RECORDED DATA —
=== Section Start ===

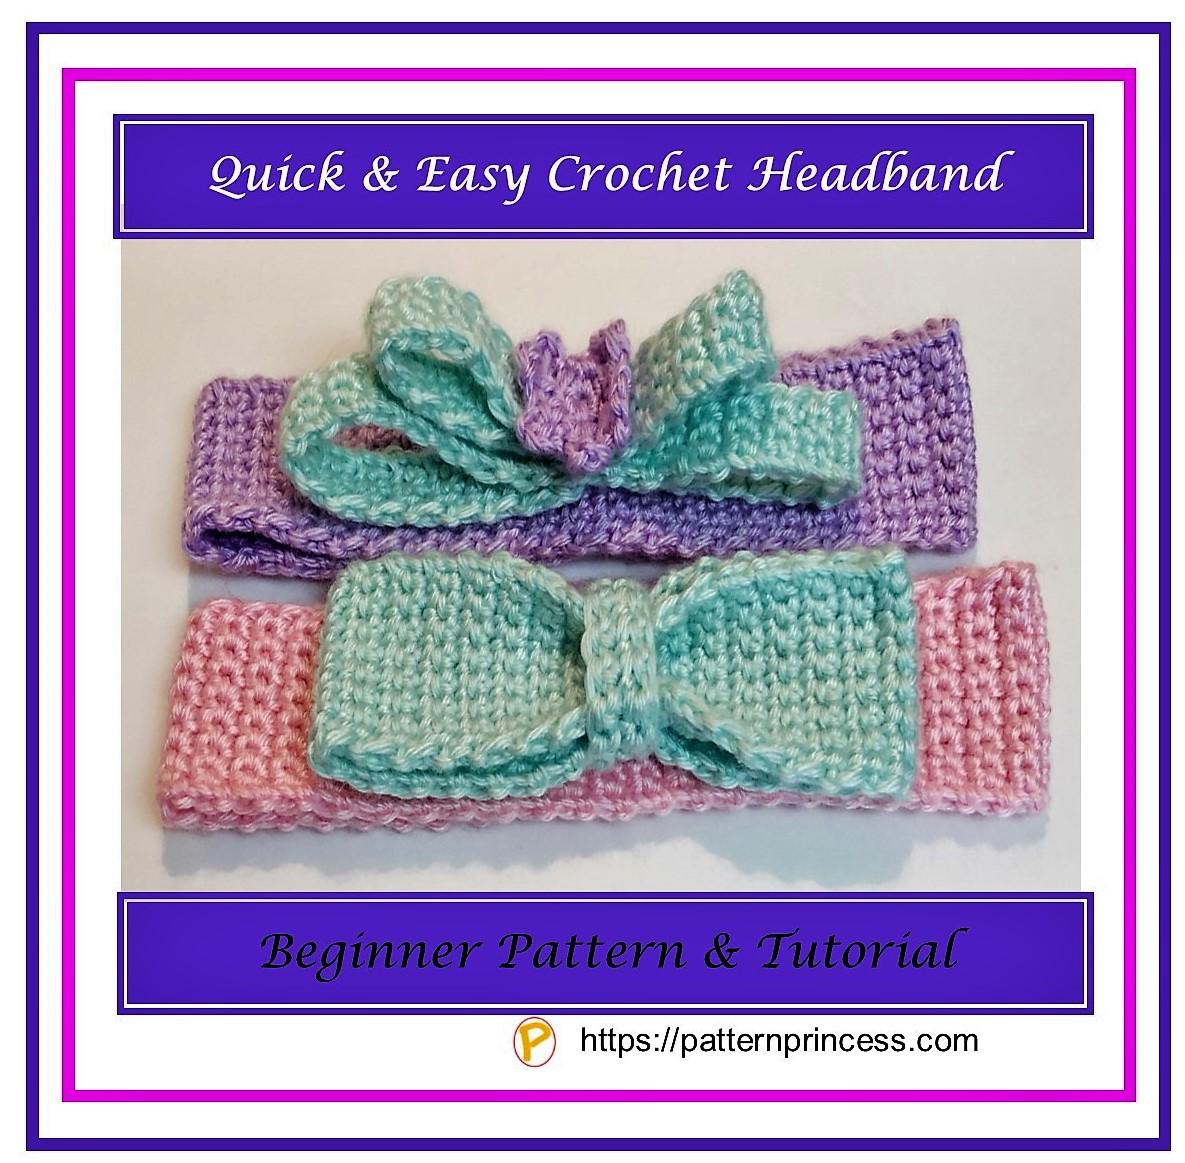 Quick and Easy Crochet Headband 1
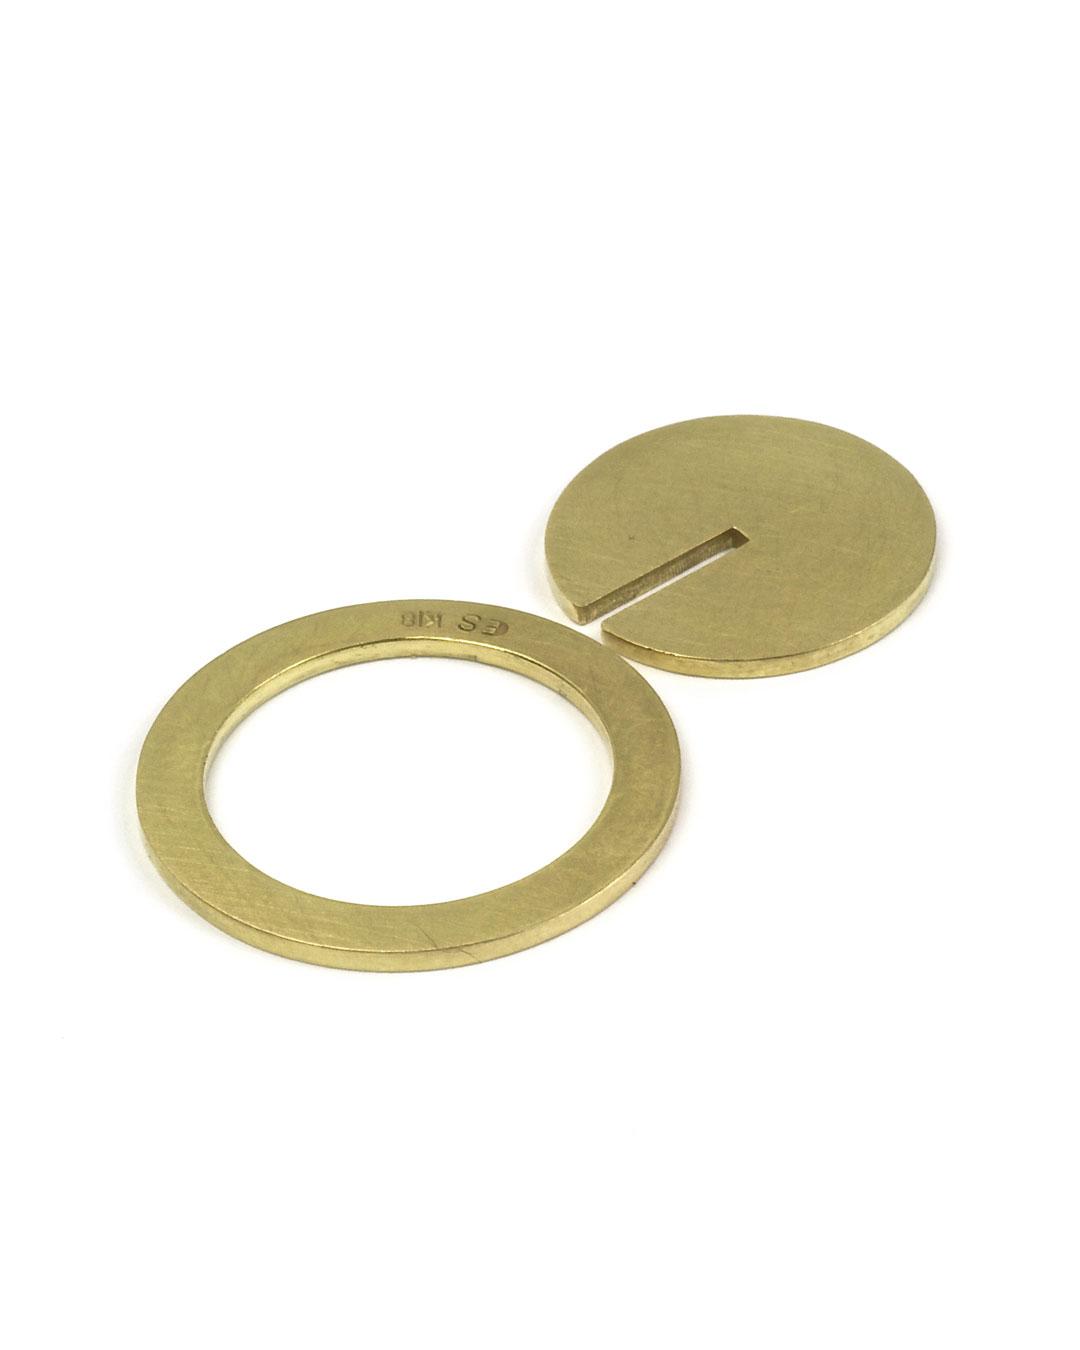 Etsuko Sonobe, untitled, 2002, ring; gold, ø 20 x 1 mm, €2400
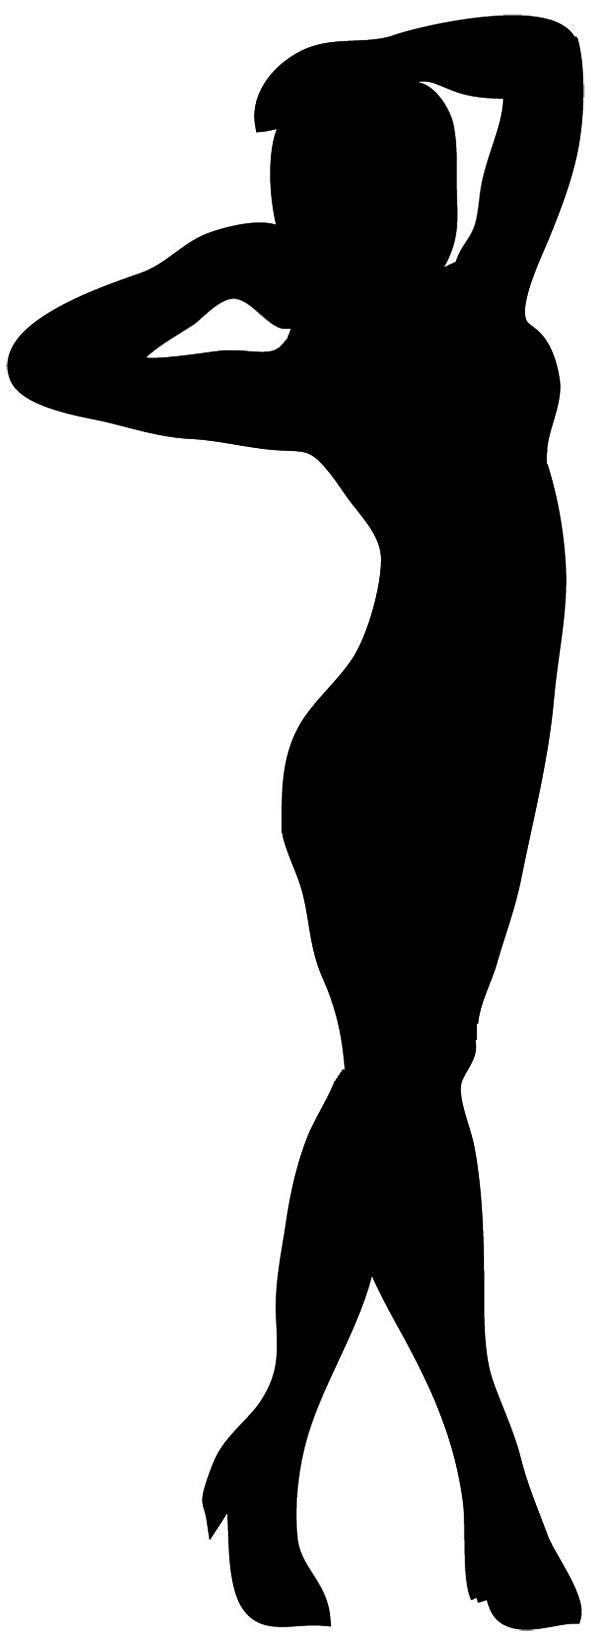 female silhouette standing woman black .-female silhouette standing woman black ...-3

=== Section End ===

TASK PROMPT —
If the data includes images, omit them, and set down everything else exactly as above.

YOUR RESPONSE —
 Quick and Easy Crochet Headband 1
 Etsuko Sonobe, untitled, 2002, ring; gold, ø 20 x 1 mm, €2400
 female silhouette standing woman black .-female silhouette standing woman black ...-3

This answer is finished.